A portion of the refrigerant pipe 10 of the refrigerant circuit 4 (the cooling portion 10A) is installed on the refrigerant jacket 40 for cooling the power device 20 of the printed circuit board 91 which is described below. In the present embodiment, taking account of the cooling properties, the liquid pipe, of the refrigerant pipe 10, is installed in the refrigerant jacket 40, as shown in FIG. 1. In the present embodiment, the liquid pipe installed in the refrigerant jacket 40 is a liquid pipe between the outdoor heat exchanger 14 and the expansion valve 15 in the refrigerant circuit 4, but the liquid pipe installed in the refrigerant jacket 40 is not limited to this.

During a cooling operation, the refrigerant that has been condensed in the outdoor heat exchanger 14 flows in the liquid pipe installed in the refrigerant jacket 40, and during a heating operation, refrigerant that has been condensed by the indoor heat exchanger 11 and has been decompressed by the expansion valve 15 flows in the liquid pipe installed in the refrigerant jacket 40. The temperatures of these refrigerants vary depending on the operating conditions, and so on, but during a heating operation is approximately 40° C. to 45° C.

As shown in FIG. 2, the outdoor unit 2 is provided with a casing 5. The abovementioned compressor 12, oil separator 13, outdoor heat exchanger 14, expansion valve 15, accumulator 16, four-way switching valve 17, and the like, are accommodated inside the casing 5.

The casing 5 has a bottom plate 6, a side plate 7 which is erected upwardly at the peripheral portion of this bottom plate 6, and a ceiling plate 8 which is disposed on the upper end portion of the side plates 7, and overall has a substantially cuboid-shaped external appearance. A dividing plate 9 which divides the internal space of the casing 5 into two spaces is provided in the outdoor unit 2. This dividing plate 9 has a size reaching from the lower end portion to the upper end portion of the space inside the casing 5, and is erected on the bottom plate 6 of the casing 5. Due to this dividing plate 9, the space inside the casing 5 is divided into a heat exchange chamber 5A in which the outdoor heat exchanger 14 and the outdoor fan are accommodated, and a machine chamber 5B in which the compressor 12 and the electric component module 100, and the like, are accommodated. A blowing port for blowing out the air in the heat exchange chamber 5A, to outside the casing 5, is opened on the front surface of the casing 5.
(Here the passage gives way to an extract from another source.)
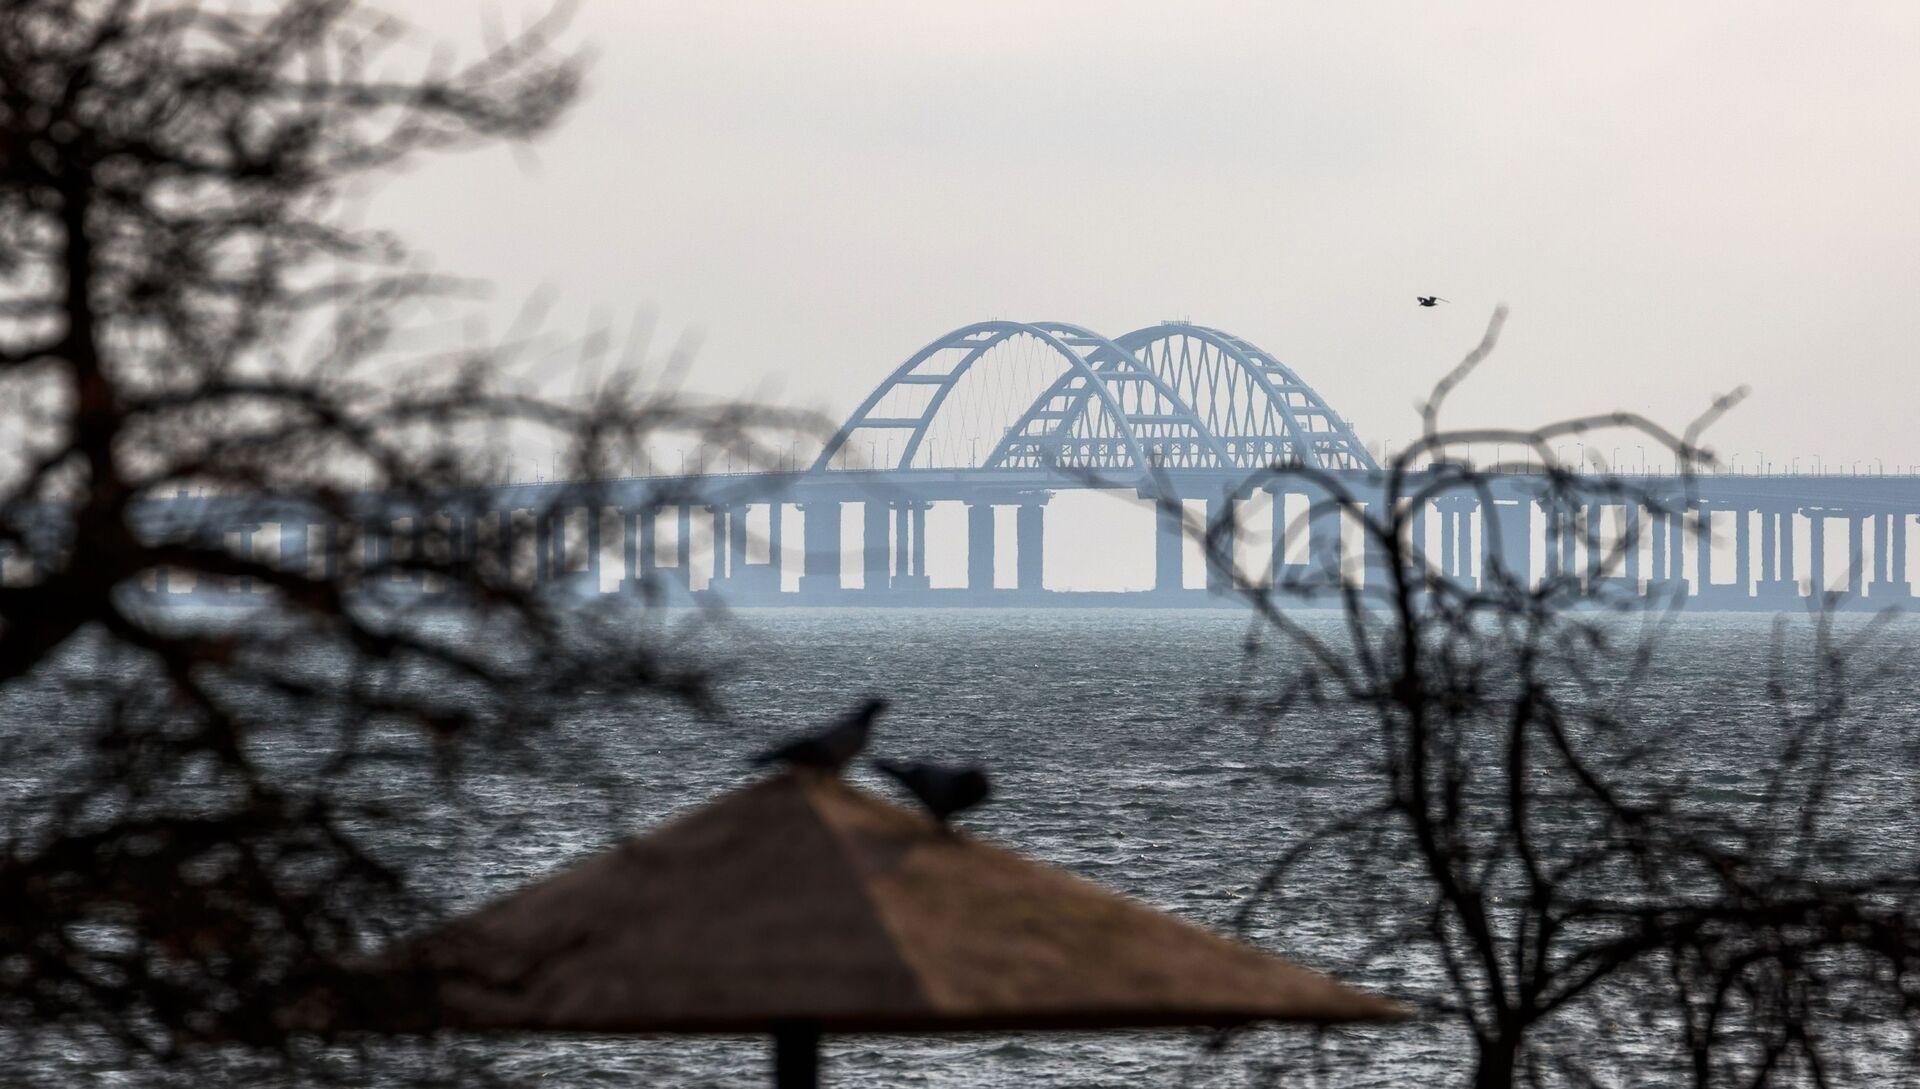 Вид на Крымский мост со стороны Керчи - РИА Новости, 1920, 29.12.2019

The machine chamber 5B occupies a portion of the space inside the casing 5 (in the case of the embodiment shown in FIG. 2, the right-hand-side portion when the casing 5 is viewed from the front side). An electric component module 100 is disposed on the side of the opening which appears when a portion of the casing 5 that covers the machine chamber 5B is removed (the front side in the present embodiment). In the present embodiment, as shown in FIG. 2, one portion of the front surface of the casing 5 is opened by removing a portion of the front surface side plate of the casing 5 (the right-side portion of the front surface side plate is removed in FIG. 2). The electric component module 100 is disposed on the front side inside the machine chamber 5B.

The electric component module 100 is an electric component assembly for controlling the operation of the refrigerant circuit 4. The electric component module 100 is disposed in the vicinity of the front surface side plate such that the front surface of the electric component module 100 is substantially parallel to the front surface side plate on the front side of the casing 5. Consequently, when the portion of the front surface side plate of the casing 5 is removed during servicing, or the like, then the front surface of the electric component module 100 is exposed to the front side, as shown in FIG. 2.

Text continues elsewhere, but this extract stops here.